*EXERCISE INSTRUCTIONS*:
Your copy of the listing must be exact and must hold no images.

*RECORDED INFORMATION*:
+--

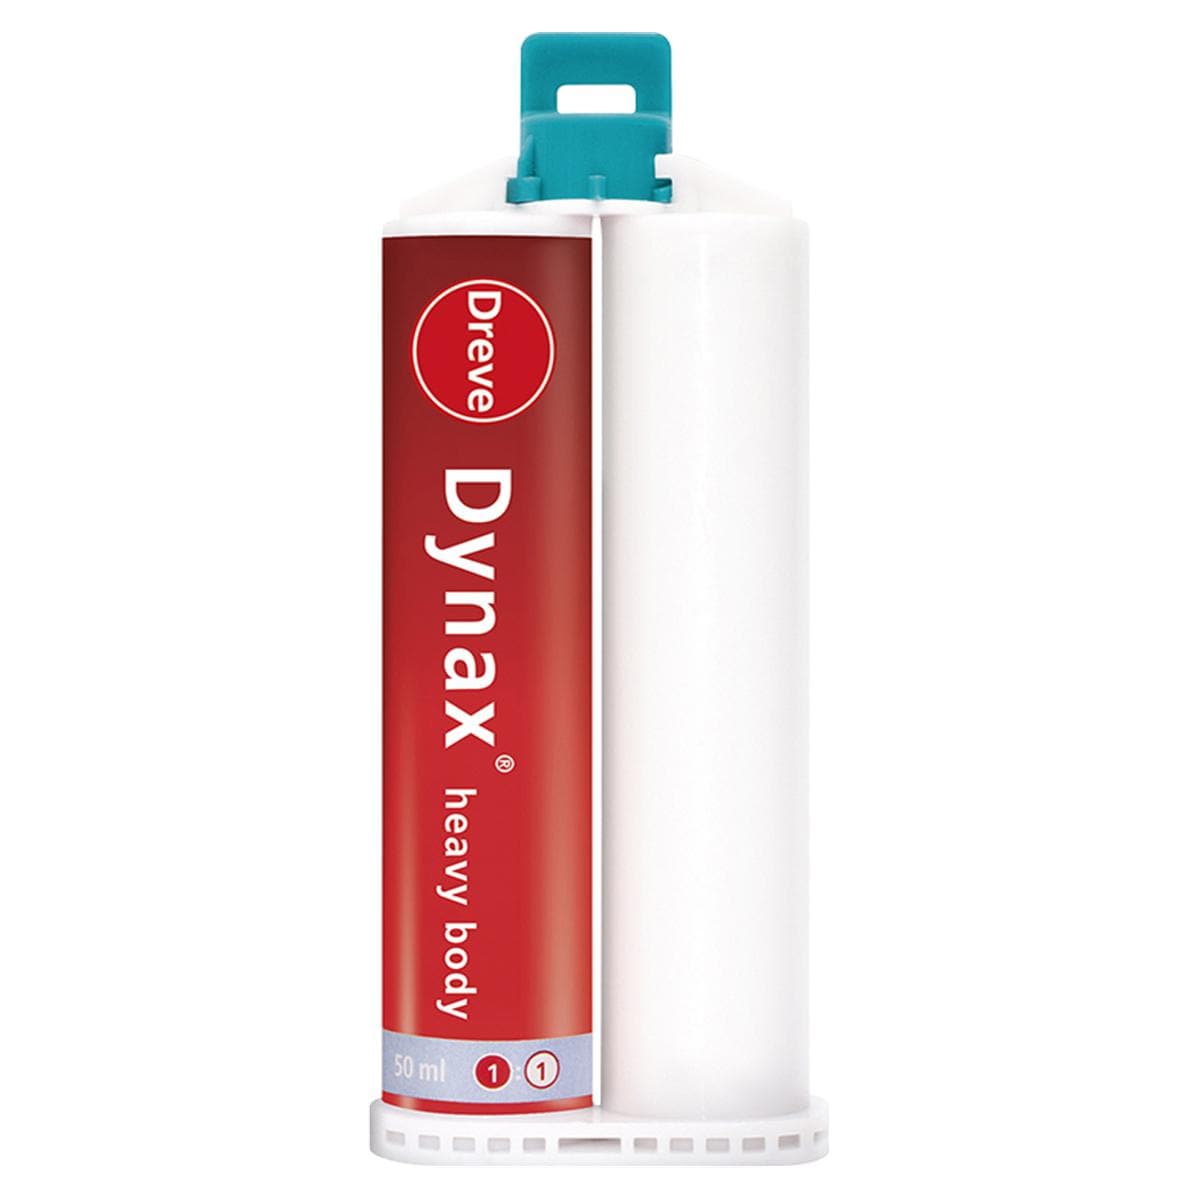 Dynax® heavy body - Packung 8 x 50 ml
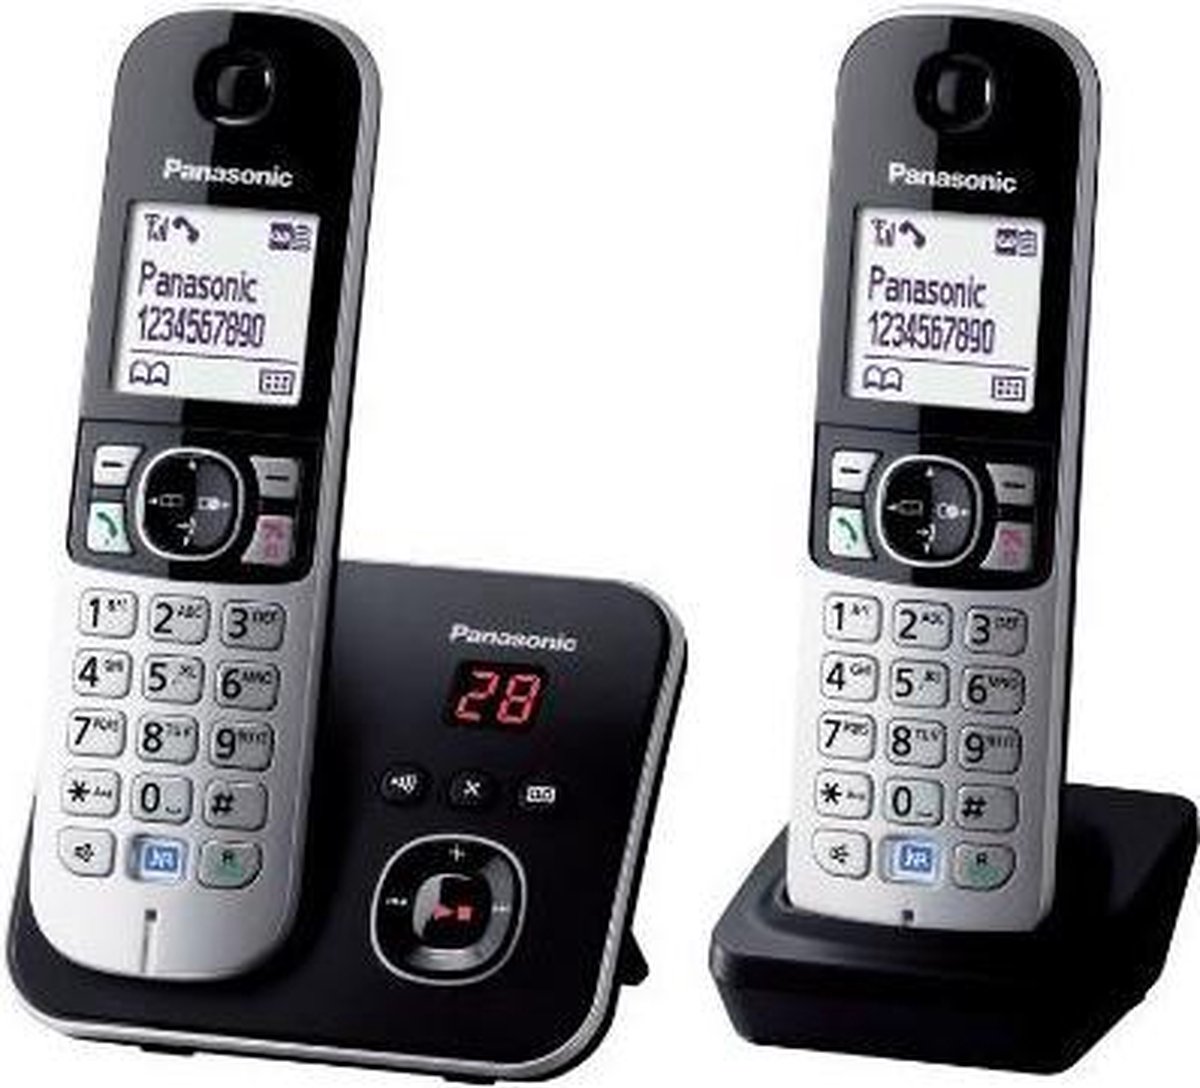 Panasonic KX-TG6822 - Duo DECT telefoon - Antwoordapparaat - Zwart/Zilver |  bol.com
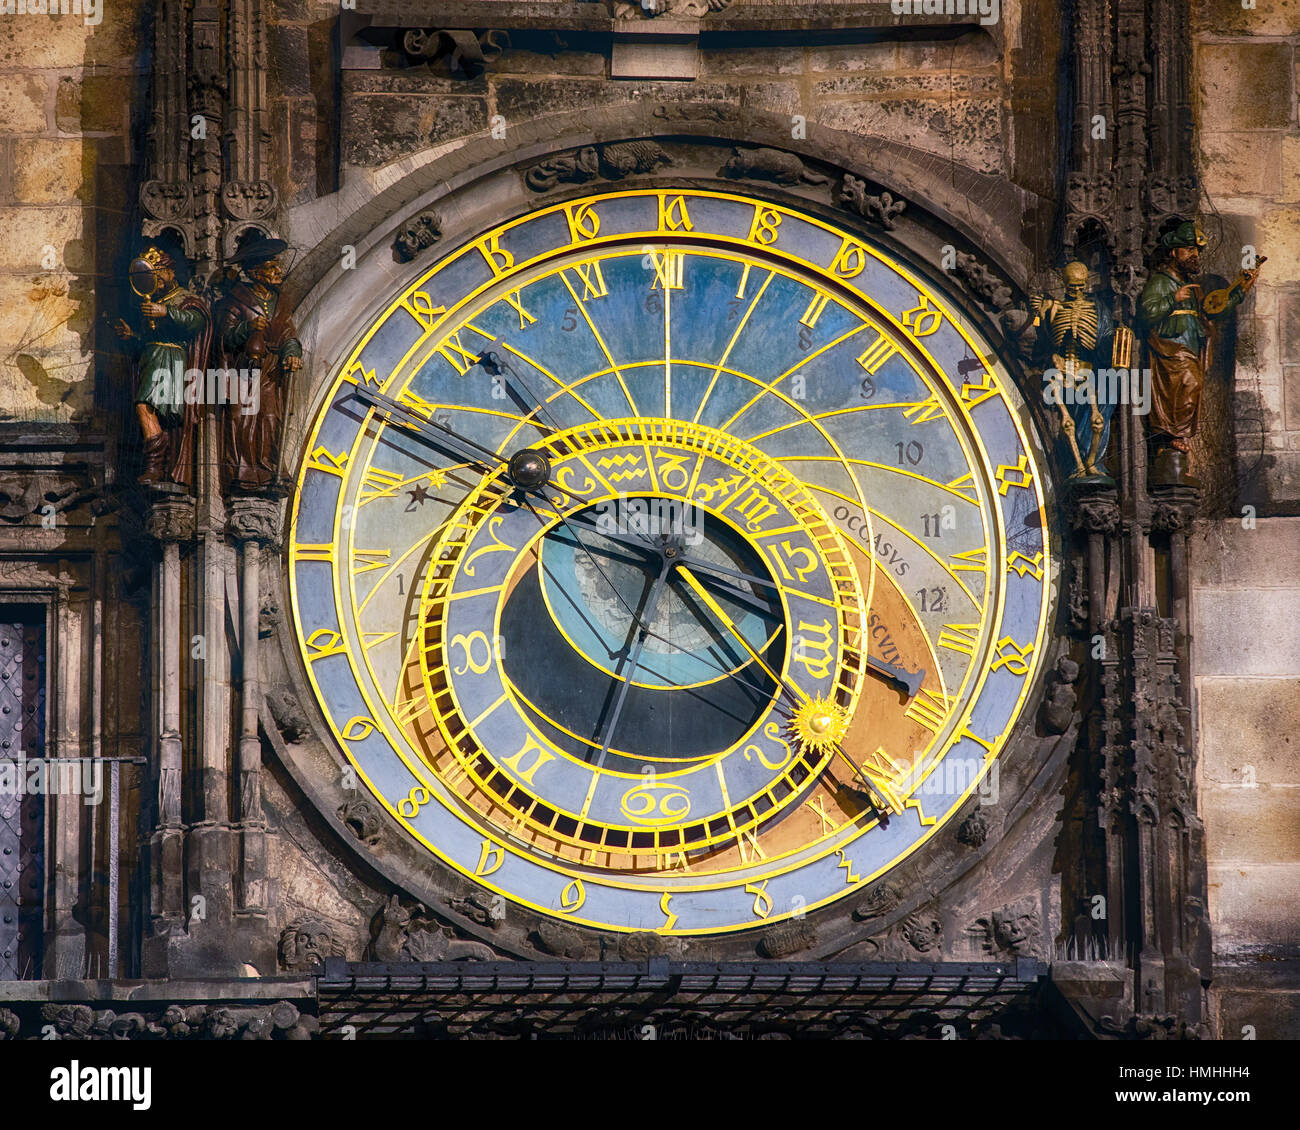 Close Up View of the Prague astronomical clock, Czech Republic Stock Photo

+--

*SOLUTION TO THE EXERCISE*:
 Dynax® heavy body - Packung 8 x 50 ml
 Panasonic KX-TG6822 - Duo DECT telefoon - Antwoordapparaat - Zwart/Zilver |  bol.com
 Close Up View of the Prague astronomical clock, Czech Republic Stock Photo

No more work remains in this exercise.